I'm not kidding about the plot being almost a beat-for-beat copy of the first film. Instead of Helen's beauty pageant, we get Zoe's rock show. Instead of Ray working as a fisherman in the local industry, Roger is working as a repairman in the local industry. Even the death order is broadly similar to the first film, especially where the four main characters are concerned. I wouldn't have minded this if the film had been a straight remake, or if it had any standout qualities of its own. Instead, there is a plot full of loose threads that never go anywhere, a whodunit mystery that is resolved with a fizzle, numerous continuity errors, and an overly stylized aesthetic that absolutely confounded me. When it works in its more subdued moments, director Sylvain White's visual style is often the only thing in this that I can call genuinely good, especially when he's focusing on the Rocky Mountain vistas of the setting (Utah standing in for neighboring Colorado). When it doesn't, however, it turns the film into what I can only call a music video on cocaine, the problems being most pronounced in the death scenes that verge on the incomprehensible.
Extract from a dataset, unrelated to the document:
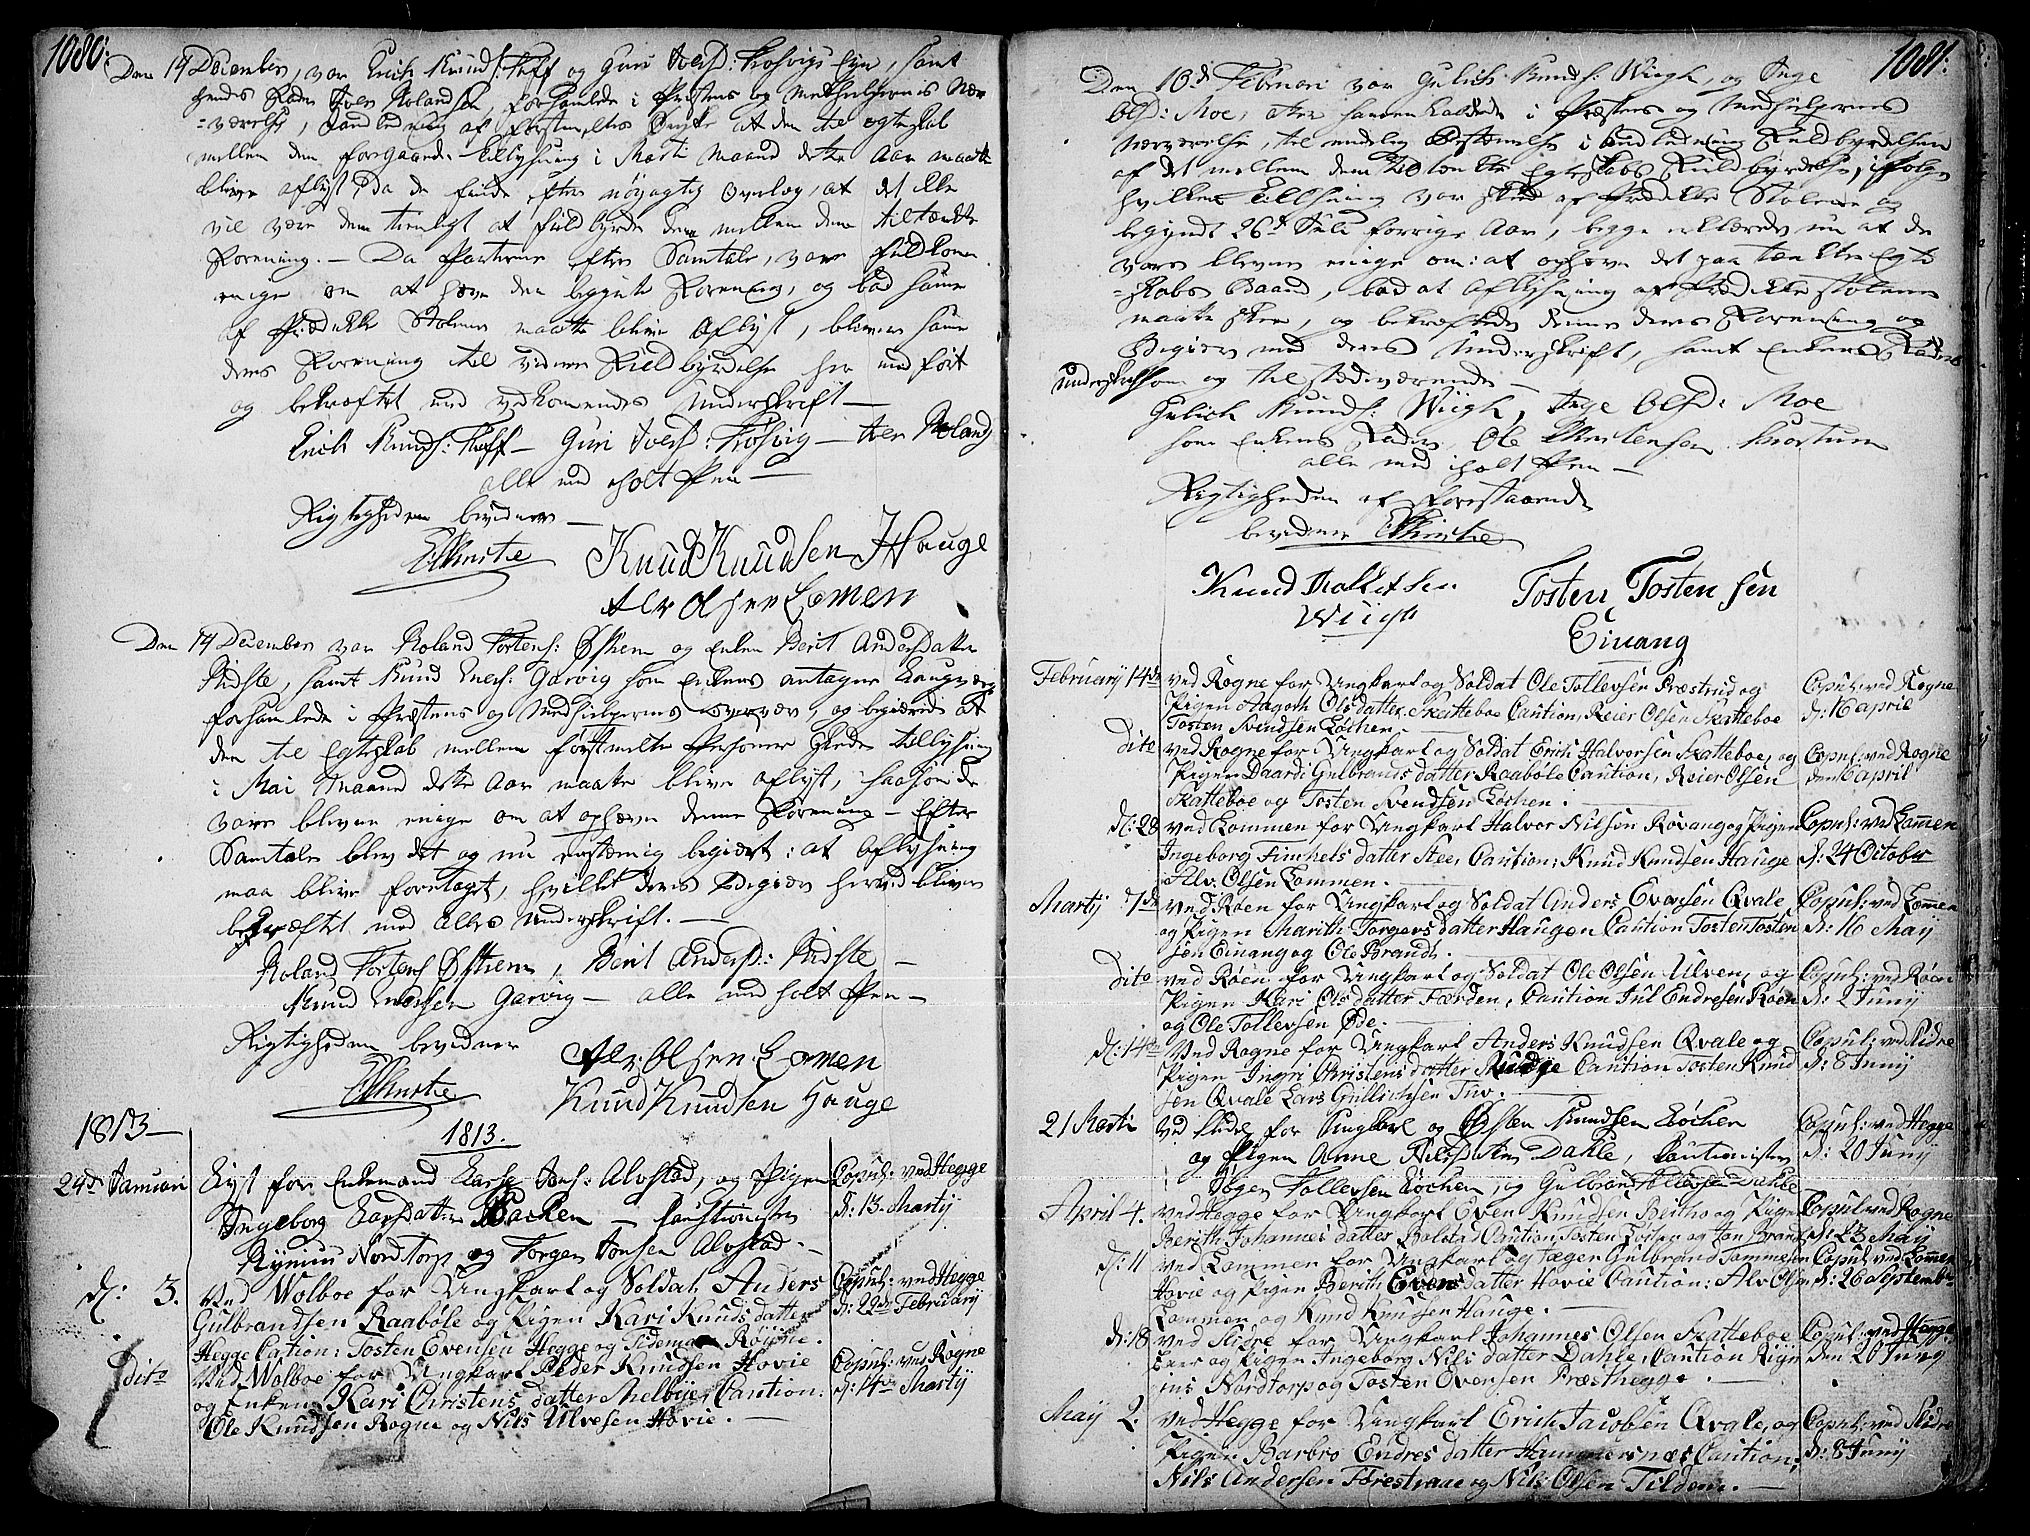 SAH, Slidre prestekontor, Ministerialbok nr. 1, 1724-1814, s. 1080-1081

I appreciated the surprisingly high quality of the gore effects when I could see them (it's arguably the bloodiest film in the series), but given that the camera was often spinning and jerking around like mad, that was rarely a given. The disastrous editing is just as apparent in the visible continuity errors. Day transitions into night after a character spends a few minutes inside a building. A character gets stabbed in the leg with the Fisherman's hook, and a few hours later he has his leg in a cast without anybody who treated him asking any questions about how he got stabbed in the leg. None of the cast rose above the material the way that Sarah Michelle Gellar did in the first film, or even gave the sort of charismatically campy performance that Jennifer Love Hewitt did. Don Shanks as the Fisherman and Torrey DeVitto as Zoe were the only ones who seemed to have any sort of personality, and that was more for Shanks' physicality as a psycho killer and for Zoe's fashion sense standing out against her preppy co-stars than anything. Nobody was bad, but there was a lot of mediocrity in the cast.

All of this would've been forgivable had the film attained enough basic competence to keep me entertained in a few spots. It's why I think that I Still Know What You Did Last Summer is tolerable, even if it's a clear step down from the first: while it was a bad movie, it still had a handful of good scenes. I'll Always Know, on the other hand, didn't even accomplish that much, and it came down to the script. Put simply, this didn't feel like a coherent movie. Instead, it felt like a series of random events strung together, loosely connected by the fact that there's a killer on the loose and by its imitation of another, better movie. Characters feel like they're just doing things at random, most notably when Zoe decides that performing at her rock show is more important than the fact that she and her friends are being stalked by a hook-wielding maniac. It felt like a fan film where they spent all the money on a couple of cool kills, and when writing the script, devoted more time to homaging scenes from the original than figuring out what made them work. As ridiculous as the mystery in the first film could get, it still worked up to the point of the big reveal. Here, it's treated as an afterthought, resolved with a twist that had not been foreshadowed whatsoever and felt like the writer just came up with something once he realized that he had to end the movie somehow.

The Bottom Line

This is a film that goes through the motions of what a modern slasher is "supposed" to be, and while it wasn't as egregiously bad as, say, Bloody Homecoming or the Prom Night remake, there's still no real reason to watch it, not when its predecessors both exist.